BlogWikiAbout

Kyle Pericak

"It works in my environment"

Bot-Wiki/DevOps/Health Check Agent

Health Check Agent

Last verified: 2026-03-25

Deprecated 2026-05-10. The healthcheck CronJob was suspended on pai-m1 because its state-change posts were noise more than signal. The daily diagnostic loop is now pai-self-improver, which mines OpenObserve for recurring patterns and proposes memory changes for human approval.

The healthcheck agent file is still on disk for ad-hoc invocation (claude --agent healthcheck) when you want a quick pod / ArgoCD / Vault read.
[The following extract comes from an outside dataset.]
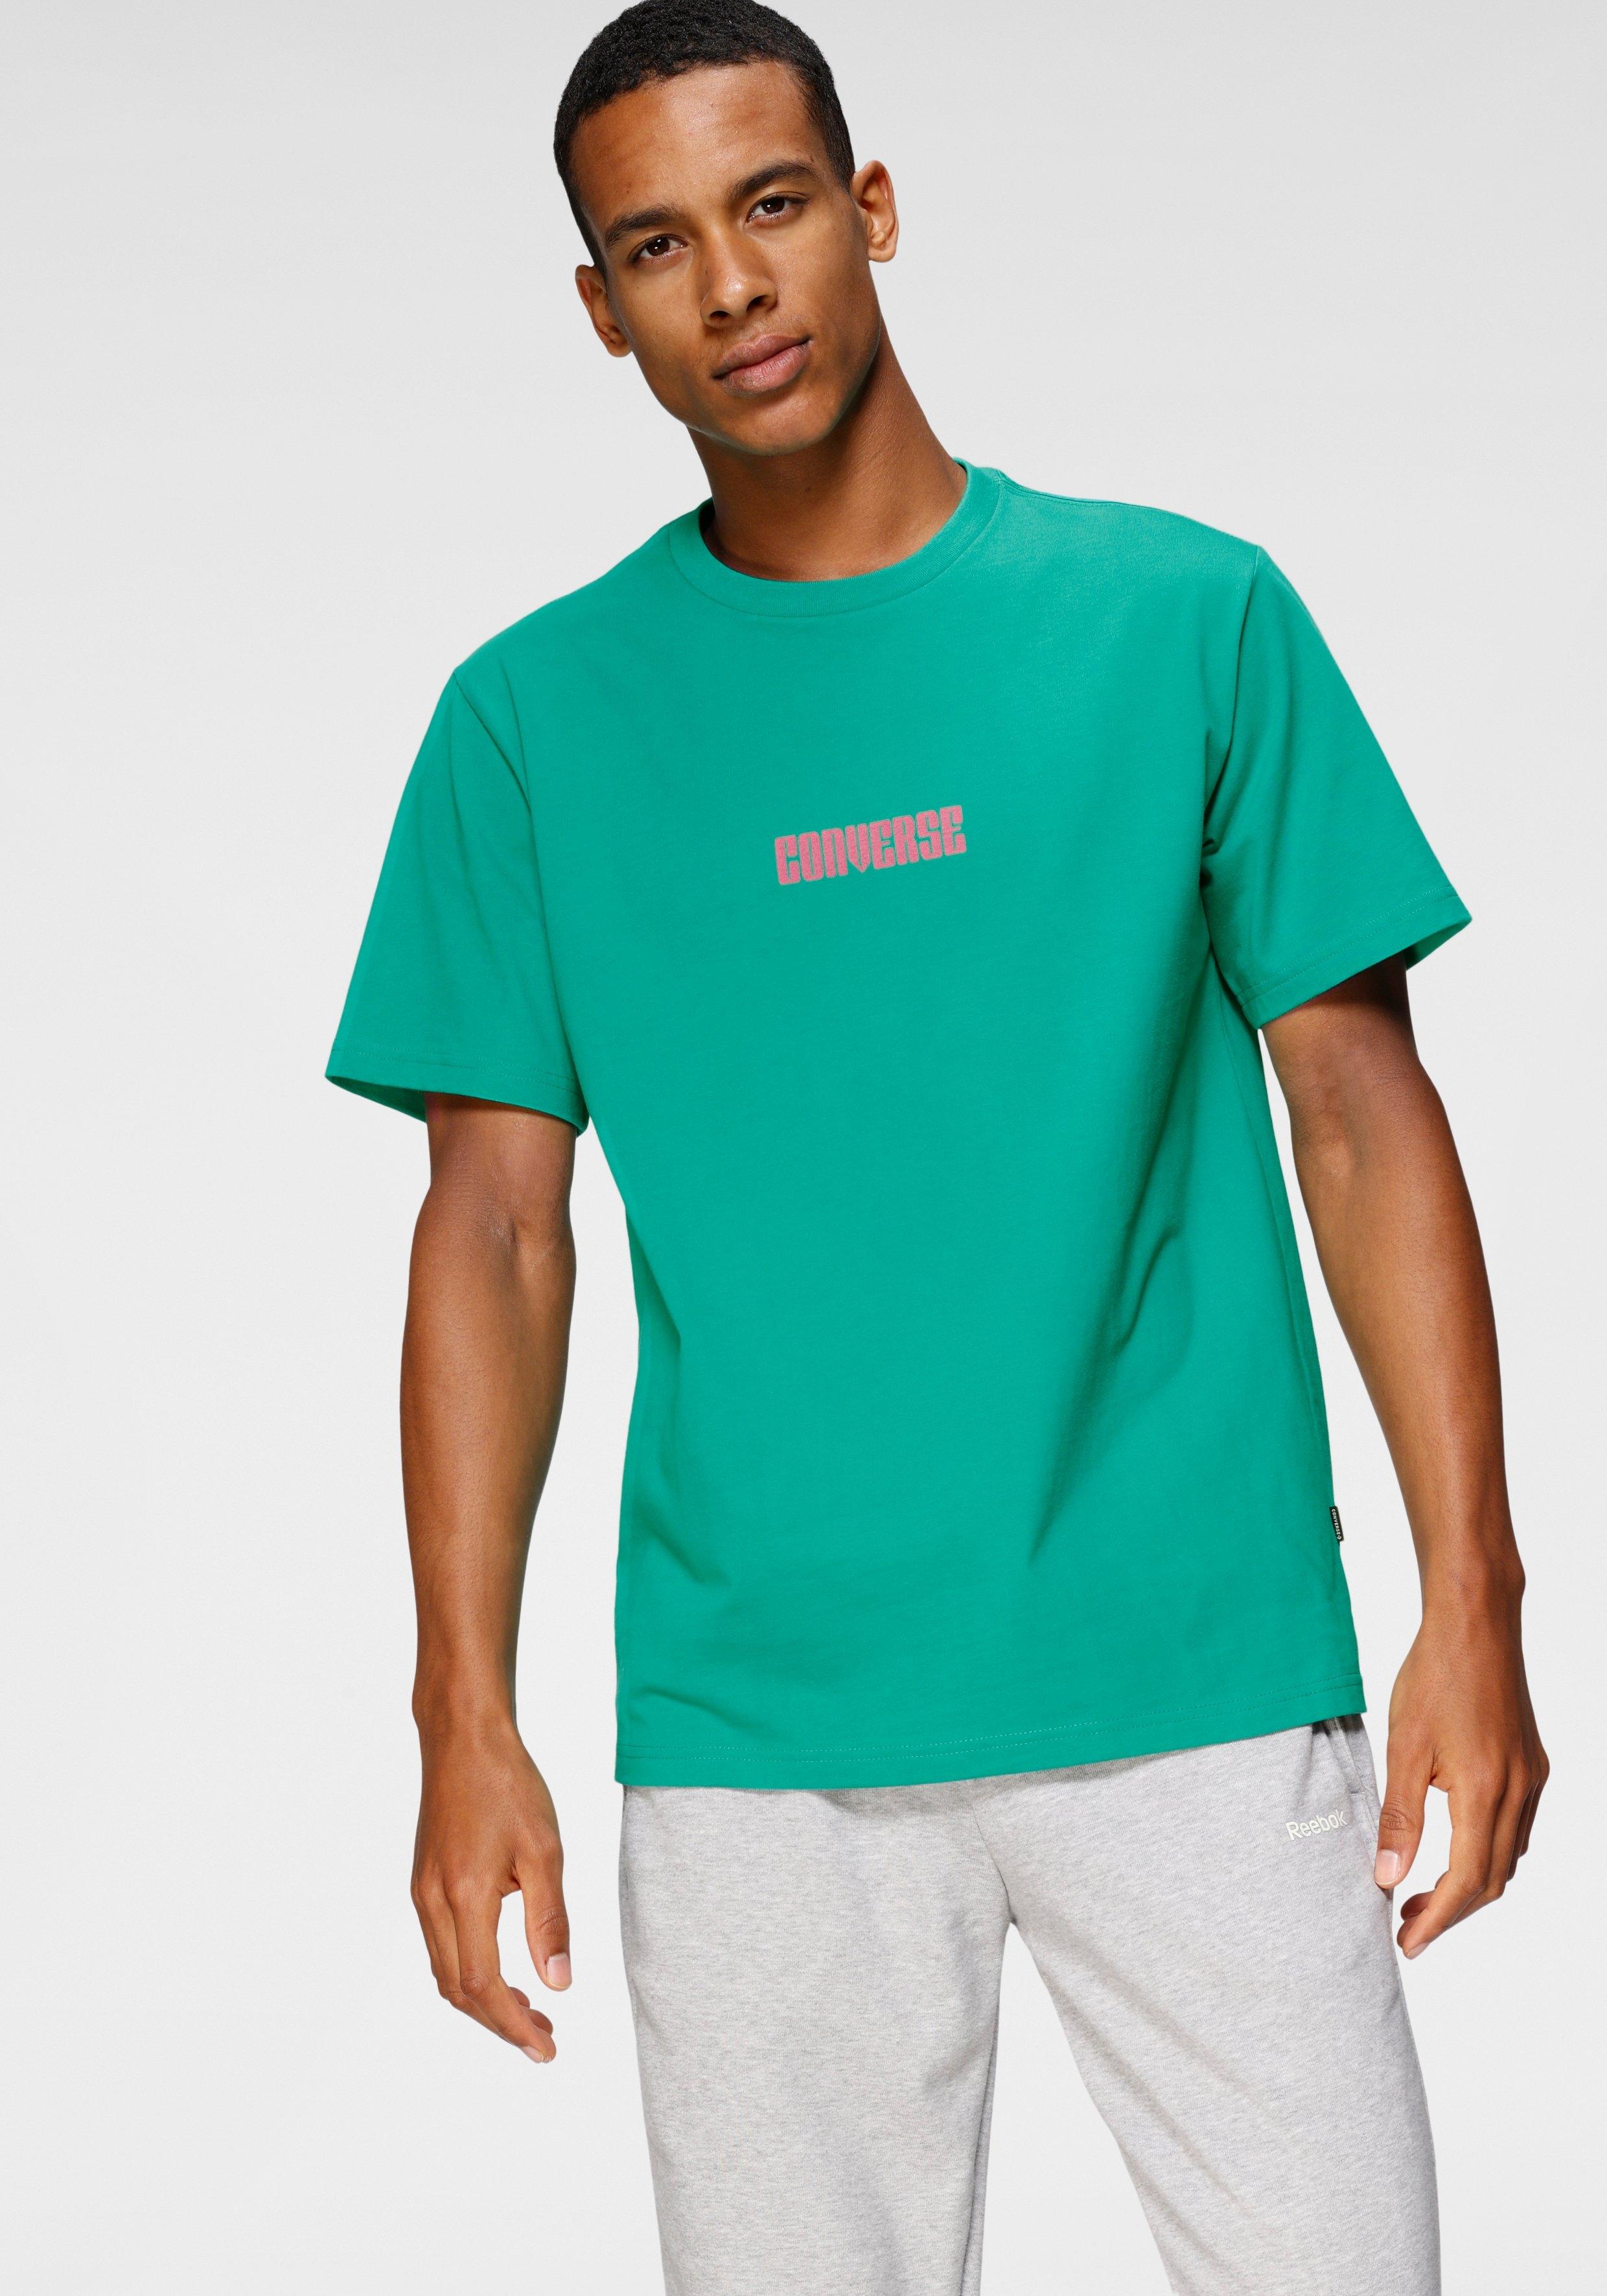 Converse T-shirt EXPLORER GRAPHIC TEE nu online kopen bij OTTO

The old shell-only healthcheck.sh cron lives at infra/ai-agents/cronjobs/scripts/healthcheck.sh if you ever want to flip it back on temporarily.

Overview

The health check agent (claude --agent healthcheck) runs a systematic check of every workload in the pai-m1 K8s cluster. It uses kubectl for pod/app status, the OpenObserve MCP for log error scanning, and the Linear MCP for bug filing with deduplication.

Source: .claude/agents/healthcheck.md

Usage

claude --agent healthcheck

No arguments needed. The agent runs all checks and outputs a summary table.

What It Checks

Check Method Pass Condition
Pod health kubectl get pods -A All pods Running/Completed
ArgoCD sync kubectl get applications -n argocd All apps Synced + Healthy
CronJob health kubectl get jobs -n ai-agents Latest run per CronJob succeeded
Log errors o2_error_summary (1h) No error-level logs
Vault status vault status sealed=false, initialized=true
Log ingestion o2_list_streams k8s_logs stream has recent docs

Linear Integration

When issues are found, the agent:

  1. Searches open Linear issues labeled health-check
  2. If an existing issue matches, adds a comment instead of duplicating
  3. If a similar resolved issue exists, creates new issue referencing it
  4. New issues use title format: [health-check] namespace/workload: description
  5. Max 5 issues per run — related errors are batched

Expected Workloads

The agent knows what should be running and flags missing workloads:

  • argocd: server, repo-server, redis, applicationset-controller
  • ai-agents: pai-responder, journalist cronjobs, pai-morning cronjob
  • openobserve: openobserve-standalone, vector
  • vault: vault, vault-agent-injector
  • cloudflared: cloudflared
  • kube-system: coredns, traefik, local-path-provisioner

Future: Scheduled Runs

Currently manual. Plan is to run as a K8s CronJob (like the journalist) on a schedule, posting results to Discord and filing bugs automatically.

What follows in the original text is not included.